Fix: Provider-specific prompt variants. Same logic, different phrasing for each model's quirks.
Under load, Provider A hits rate limits (429). System falls back to Provider B. But the burst of redirected traffic also overwhelms Provider B's rate limits. System tries Provider C — same result. All three providers rate-limited simultaneously.
Root cause: Fallback without backpressure. When Provider A went 429, we dumped ALL traffic onto B instead of gradually shifting.
# Before (bad): immediate full failover
if provider_a.status == 429:
route_all_to(provider_b)
# After (good): gradual shift with backpressure
if provider_a.status == 429:
reduce_rate(provider_a, by=50%)
overflow_to(provider_b, max_rate=provider_b.limit * 0.7)
queue_excess() # Buffer, don't redirect everything
Agent running on Claude (200K context). Accumulated conversation hits 150K tokens. Provider switch to GPT-4 (128K context). Request rejected: context too large. Agent can't continue the conversation on the fallback provider.
Fix: Context management that respects the minimum window across all configured providers. Or: context summarization before fallback.

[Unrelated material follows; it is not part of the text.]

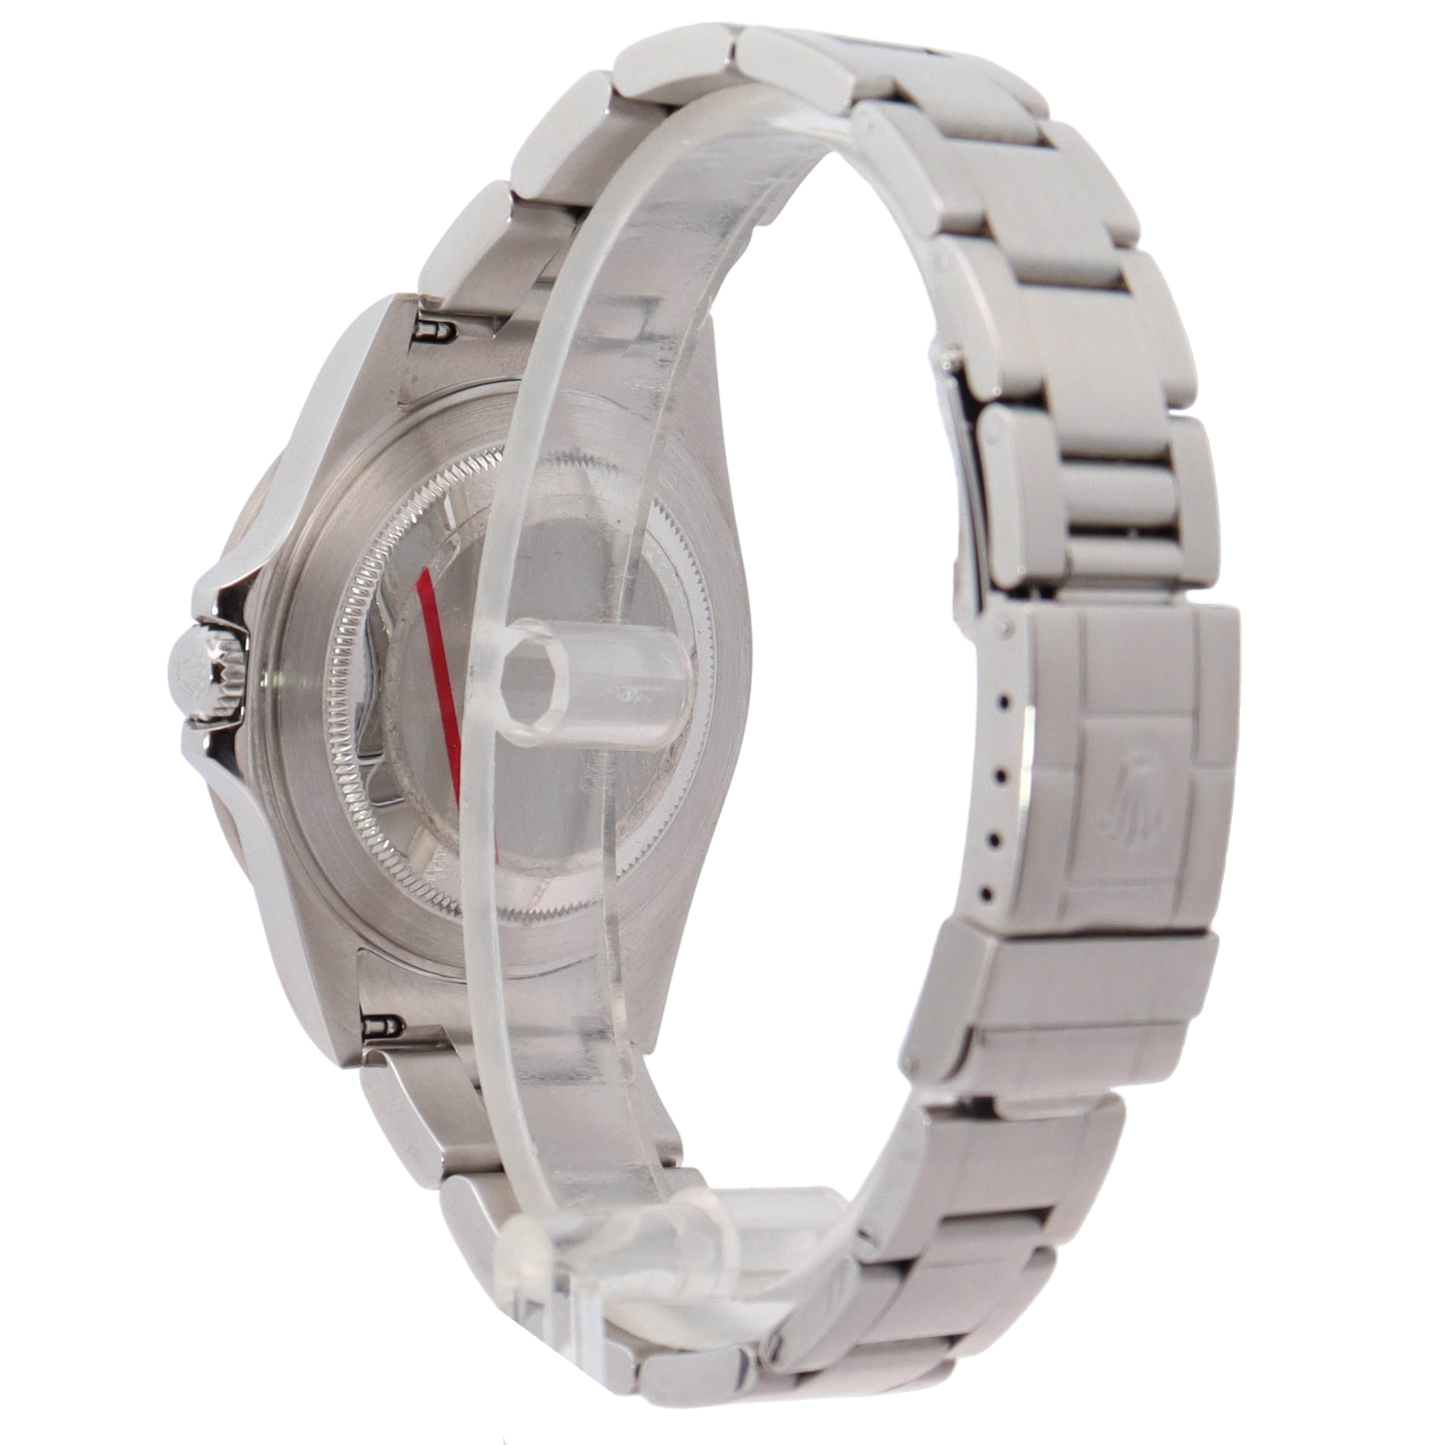 Rolex Explorer II Stainless Steel 40mm Black Dot Dial Watch Reference# 16570 - Happy Jewelers Fine Jewelry Lifetime Warranty

Primary provider: Claude Haiku ($0.25/M input). Outage triggers fallback to GPT-4 ($10/M input). Agent runs for 6 hours on fallback during overnight outage. Morning surprise: $200 bill instead of the usual $5.
Fix: Cost-aware fallback with budget circuits:
fallback:
providers:
- claude-haiku: { max_daily_cost: 10 }
- gpt-4o-mini: { max_daily_cost: 20 }
- gpt-4o: { max_daily_cost: 50 }
global_daily_limit: 100
on_budget_exceeded: "degrade_to_cached"
Claude handles nested JSON in tool parameters well. GPT-4 sometimes flattens nested objects or sends arrays as comma-separated strings. Fallback from Claude to GPT-4 caused tool calls to fail with schema validation errors.
Fix: A normalization layer between the LLM output and tool execution that coerces common mismatches (string→array, flat→nested).
"The best fallback system is the one you've tested so many times that the real outage feels routine."